Thomas Pakenham, 5th Earl of Longford, KP, MVO (19 October 1864 – 21 August 1915), known as Lord Silchester until 1887, was an Irish peer and soldier.

Biography
Born in Dublin, Longford was the eldest son of William Pakenham, 4th Earl of Longford, and his wife, the Hon. Selina, daughter of George Rice-Trevor, 4th Baron Dynevor, and succeeded in the earldom on his father's death in 1887. Educated at Winchester College, he served in the 2nd Life Guards, achieving the rank of colonel, and also held the honorary post of Lord-Lieutenant of County Longford from 1887 to 1915. In 1901 he was made a Knight of the Order of St Patrick.

Following the outbreak of the Second Boer War in late 1899, Lord Longford was instrumental in forming a company of volunteers from the Irish Hunt for the Imperial Yeomanry, serving in South Africa. He was formally seconded for service with the Imperial Yeomanry and appointed a captain of the 45th (Dublin) Company on 3 February 1900. The company left for South Africa in the middle of March 1900, and on arrival was attached to the 13th Battalion, Imperial Yeomanry. He was wounded and returned home the following year. In January 1902 he was again seconded for service with the Imperial Yeomanry. He was appointed in command of the 29th Battalion (composed primarily of officers and men from the Irish Horse), with the temporary rank of Lieutenant-colonel (antedated to 1 January 1902), and left Ireland for South Africa in May 1902. As the senior officer, he was in command of almost 1 150 officers and men on board the transport ship Bavarian for the journey. They arrived in South Africa after the end of hostilities, as the Peace of Vereeniging was signed on 31 May, and returned home only four months later, leaving Cape Town on the SS Dilwara which arrived at Southampton in late October. Lord Longford relinquished command of the 29th battalion on their return.

In Dublin, he was a member of the Kildare Street Club.

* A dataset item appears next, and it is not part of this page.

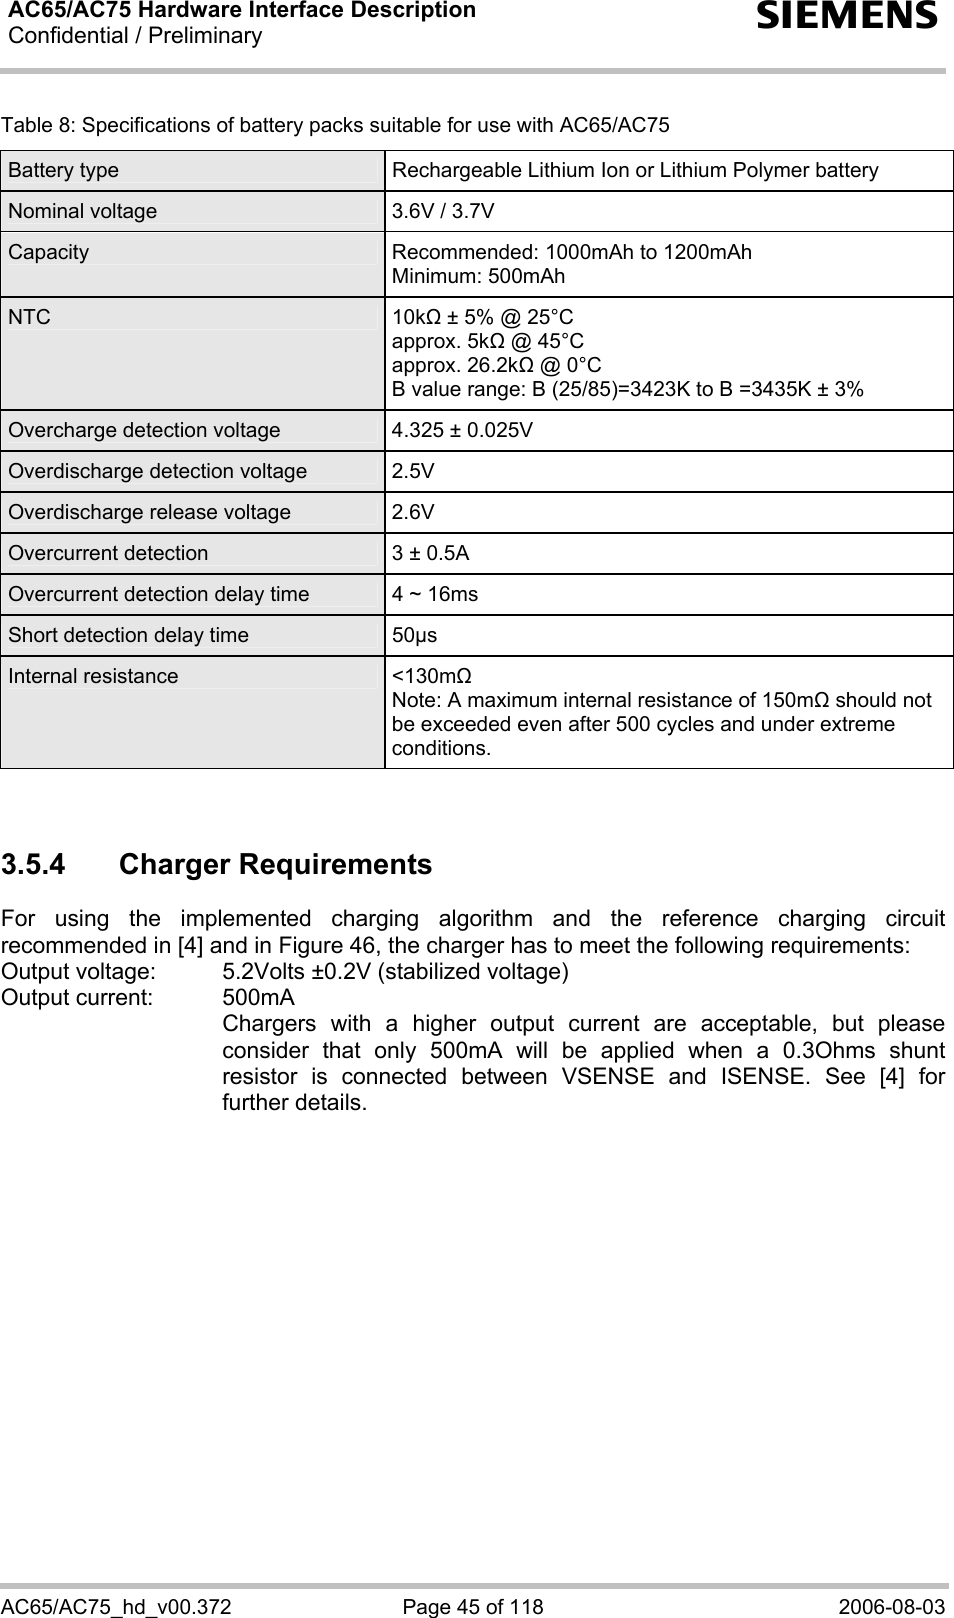 AC65/AC75 Hardware Interface Description Confidential / Preliminary  s AC65/AC75_hd_v00.372  Page 45 of 118  2006-08-03 Table 8: Specifications of battery packs suitable for use with AC65/AC75 Battery type  Rechargeable Lithium Ion or Lithium Polymer battery Nominal voltage  3.6V / 3.7V Capacity  Recommended: 1000mAh to 1200mAh Minimum: 500mAh NTC 10k ± 5% @ 25°C approx. 5k @ 45°C approx. 26.2k @ 0°C B value range: B (25/85)=3423K to B =3435K ± 3% Overcharge detection voltage  4.325 ± 0.025V Overdischarge detection voltage  2.5V Overdischarge release voltage  2.6V Overcurrent detection  3 ± 0.5A Overcurrent detection delay time  4 ~ 16ms Short detection delay time  50µs Internal resistance  &lt;130m Note: A maximum internal resistance of 150m should not be exceeded even after 500 cycles and under extreme conditions.   3.5.4 Charger Requirements For using the implemented charging algorithm and the reference charging circuit recommended in [4] and in Figure 46, the charger has to meet the following requirements: Output voltage:   5.2Volts ±0.2V (stabilized voltage) Output current:   500mA     Chargers with a higher output current are acceptable, but please consider that only 500mA will be applied when a 0.3Ohms shunt resistor is connected between VSENSE and ISENSE. See [4] for further details.

During the First World War Lord Longford commanded the 2nd South Midland Mounted Brigade of the 2nd Mounted Division, a yeomanry formation, with the rank of Brigadier-General. The Division was initially based in Egypt but was sent dismounted to Suvla on the Gallipoli peninsula as reinforcements during the Battle of Sari Bair. On 21 August 1915 the Division was in reserve for the final attack on Scimitar Hill. When the initial attack by the 29th Division failed, the yeomanry were ordered to advance in the open across a dry salt lake. Raked by shrapnel fire, most of the brigades halted in the shelter of Green Hill but Longford led his brigade in a charge which captured the summit of the hill. As he continued to advance, he was killed. His last words before his death were, reputedly, "Don't bother ducking, the men don't like it and it doesn't do any good…"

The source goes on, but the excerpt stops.